На улице Катерина спросила:
— Ну что, выдержала я экзамен?
В награду он поцеловал ее, а затем они отправились в Картинную галерею и провели там полдня. Потом пили кофе, гуляли в тени деревьев около реки, ужинали, а после ужина он отвез ее в свою квартиру, где у Катерины уже появилась зубная щетка, занявшая место в стеклянном стаканчике рядом с его английской щеткой. Все это время сеньор Вальдес собирался при первой же возможности нарушить наказ матери.
Но ничего не вышло!
Душ сеньор Вальдес принял один, так что там ничего не случилось.
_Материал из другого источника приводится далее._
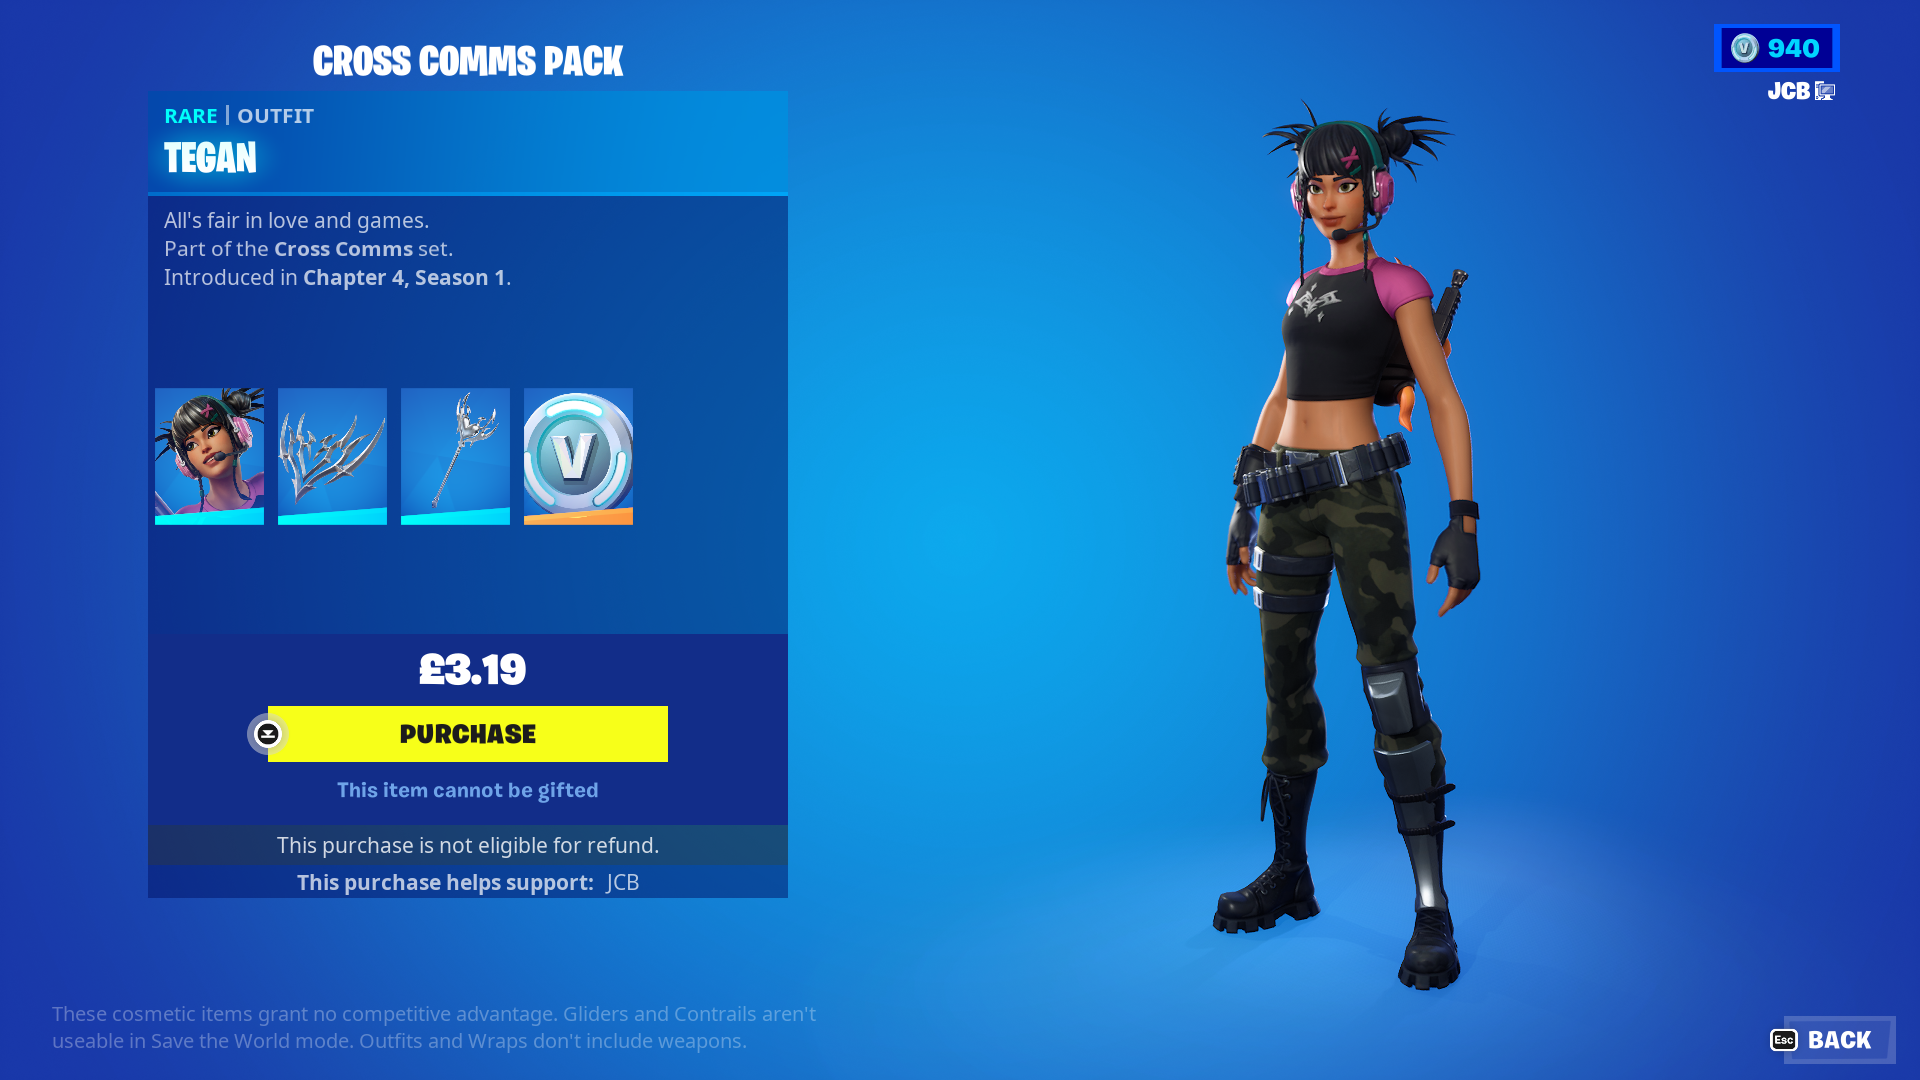 Cross Comms Pack - Epic Games Store
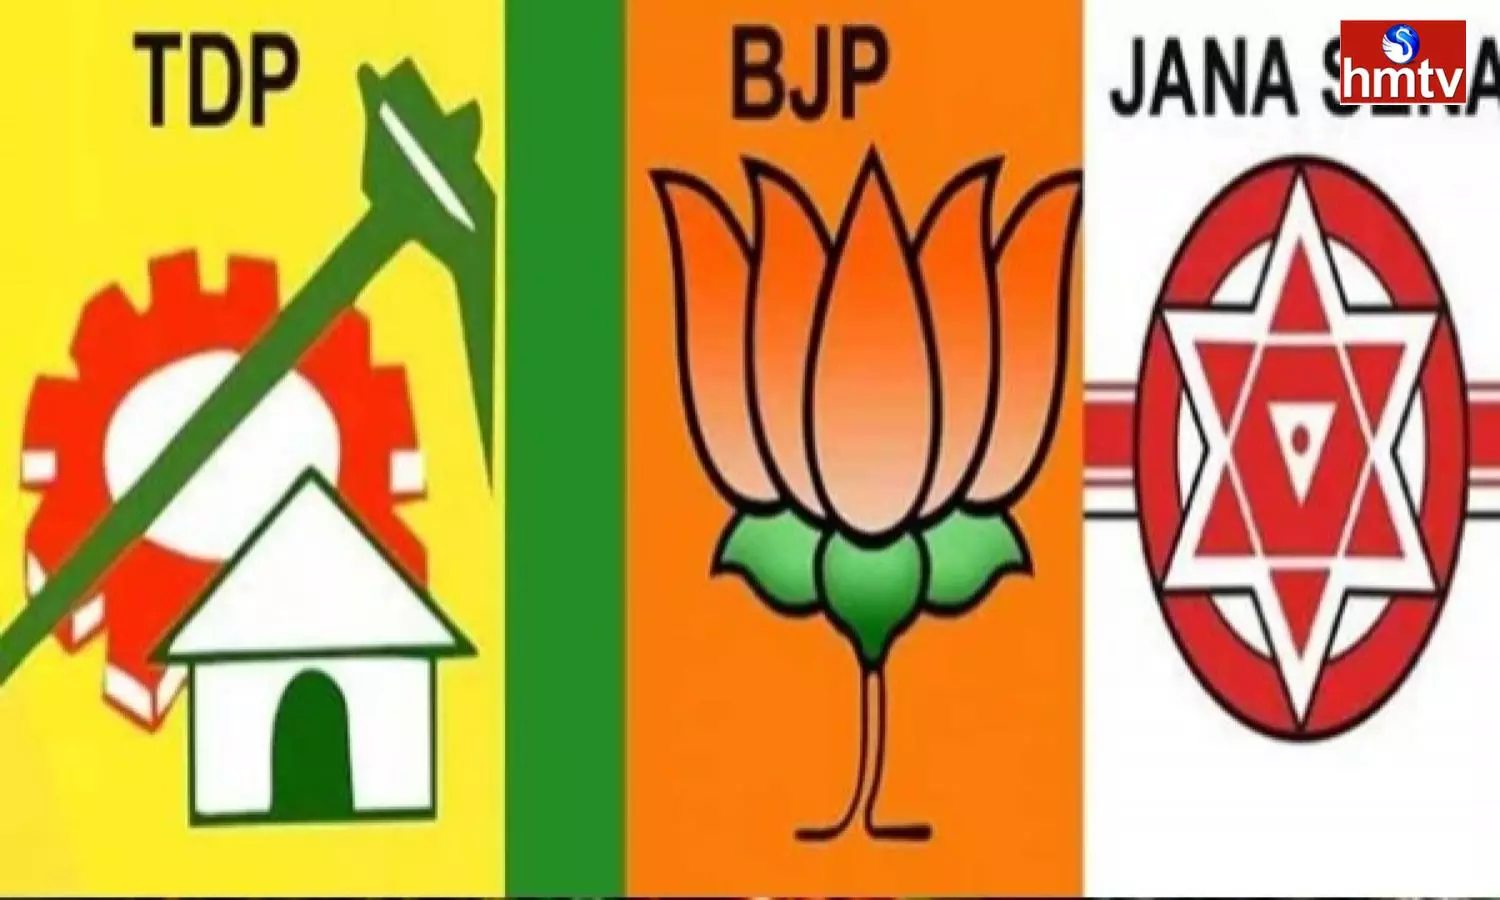 The Alliance of BJP, TDP And Jana Sena is almost finalized

Чистый, он залез под шелковистую, хрустящую простыню из египетского хлопка, и снова ничего не случилось. Катерина ходила по спальне, улыбаясь, оставляя за собой островки разбросанной одежды, а он не реагировал. Он лежал, прислушиваясь к шуму воды, а потом она появилась в комнате, завернутая в пушистое белое полотенце, блестя и сверкая росинками на коже, и опять — ничего! Она встала у кровати, отпустила руки и дала полотенцу упасть — ничего! Она откинула простыню — ноль! Она встала одним коленом на кровать, наклонилась вперед, осыпав его волосами, легла рядом, обвила руками его шею, положила ногу ему на живот, поцеловала в плечо, провела кончиками пальцев по груди. Ничего.
Она продолжала целовать его. Она прижалась к нему и легонько подышала в ухо. Она хрипловато усмехнулась.
Он сказал:
— Что-то я устал.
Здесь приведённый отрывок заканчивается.